Tak berhenti di situ, tersangka menginjak punggung korban, lalu menyeret dan melemparkannya ke sawah. Ia kemudian melompat ke arah korban, memastikan kondisi korban dengan menyentuh kepalanya hingga terbenam di lumpur sawah.
Setelah memastikan korban tak bergerak, tersangka mengambil ponsel korban dan meninggalkan lokasi. Dua hari kemudian, tepatnya Sabtu (21/6/2025), tersangka mendatangi rumah keluarga korban dan berpura-pura menanyakan keberadaan korban kepada ayah korban, Purwanto.

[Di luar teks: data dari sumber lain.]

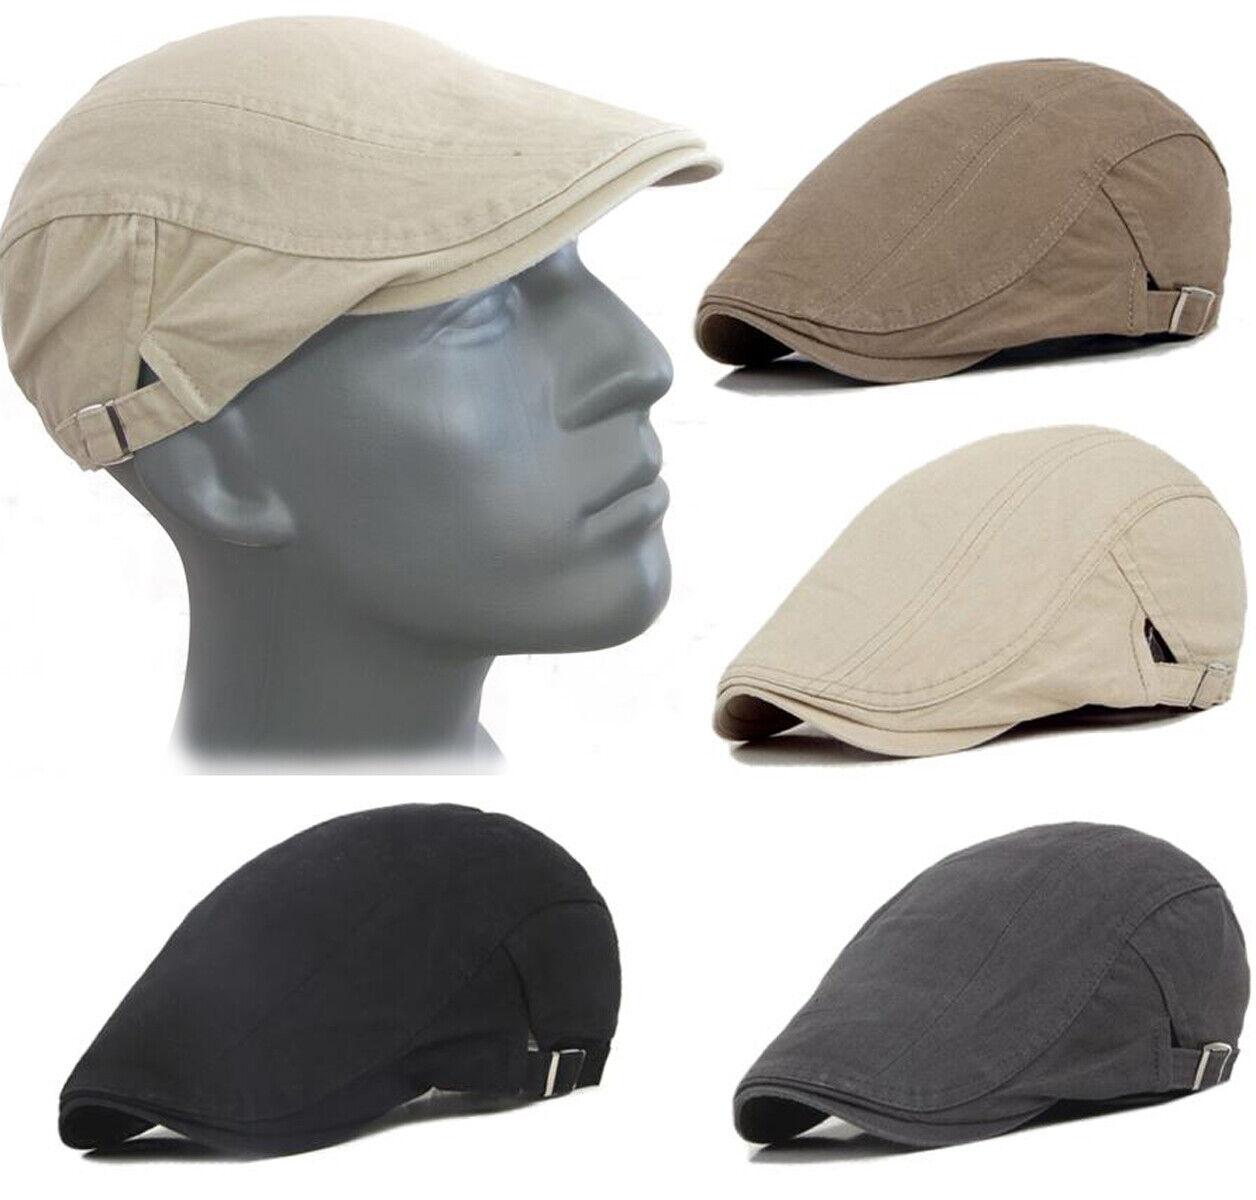 TREND Sommer Herren DRIVER CAP Schiebermütze Schirmmütze Flatcap Golfmütze NEU
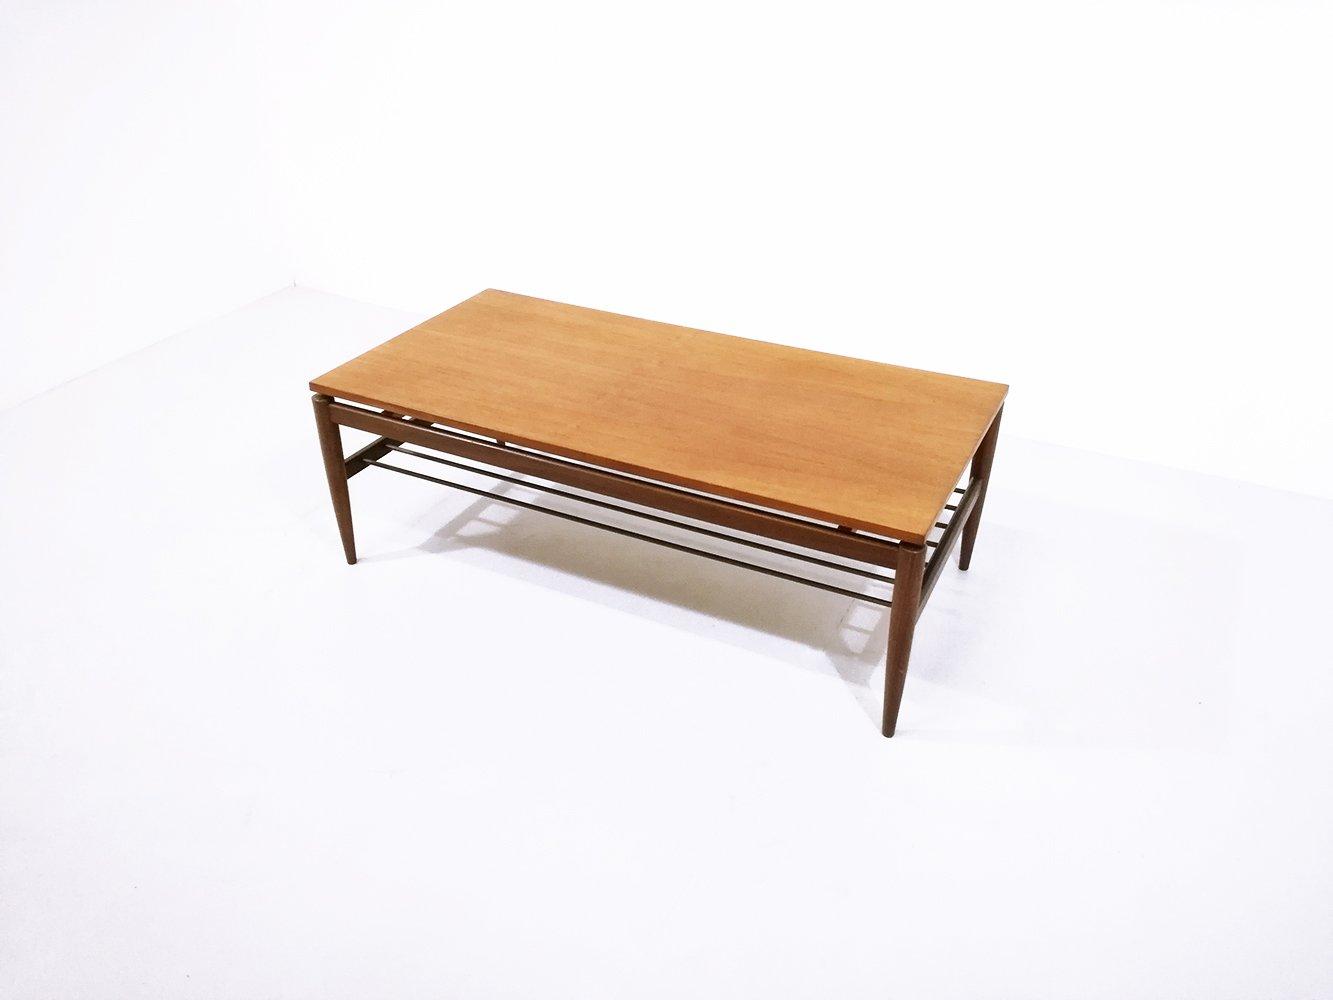 Vintage Scandinavian Teak Coffee Table 1960s For Sale At Pamono

“WA saya tidak dibalas, saya cari nggak ketemu,” ujar Sulton dalam adegan rekonstruksi, berpura-pura khawatir.
Keluarga baru menyadari korban tak ada di rumah dan mulai mencarinya. Namun hasilnya nihil hingga Minggu.
Baru pada Senin, 23 Juni 2025 pukul 10.00 WIB, mayat korban ditemukan oleh dua saksi, Karsuman dan Rustamaji. Keduanya mencium bau menyengat saat sedang berbincang di sawah, dan mendapati mayat korban tergeletak dengan kepala terbenam dalam lumpur.
Mereka langsung menghentikan warga lain, Cudhori, untuk menghubungi polisi. Aparat pun segera datang melakukan olah TKP.
Dari total 38 adegan yang diperagakan, beberapa adegan sempat dilewati namun tidak mengurangi kejelasan alur kejadian. Polisi meyakini bahwa pelaku bertindak dengan sengaja setelah terjadi pertengkaran hebat.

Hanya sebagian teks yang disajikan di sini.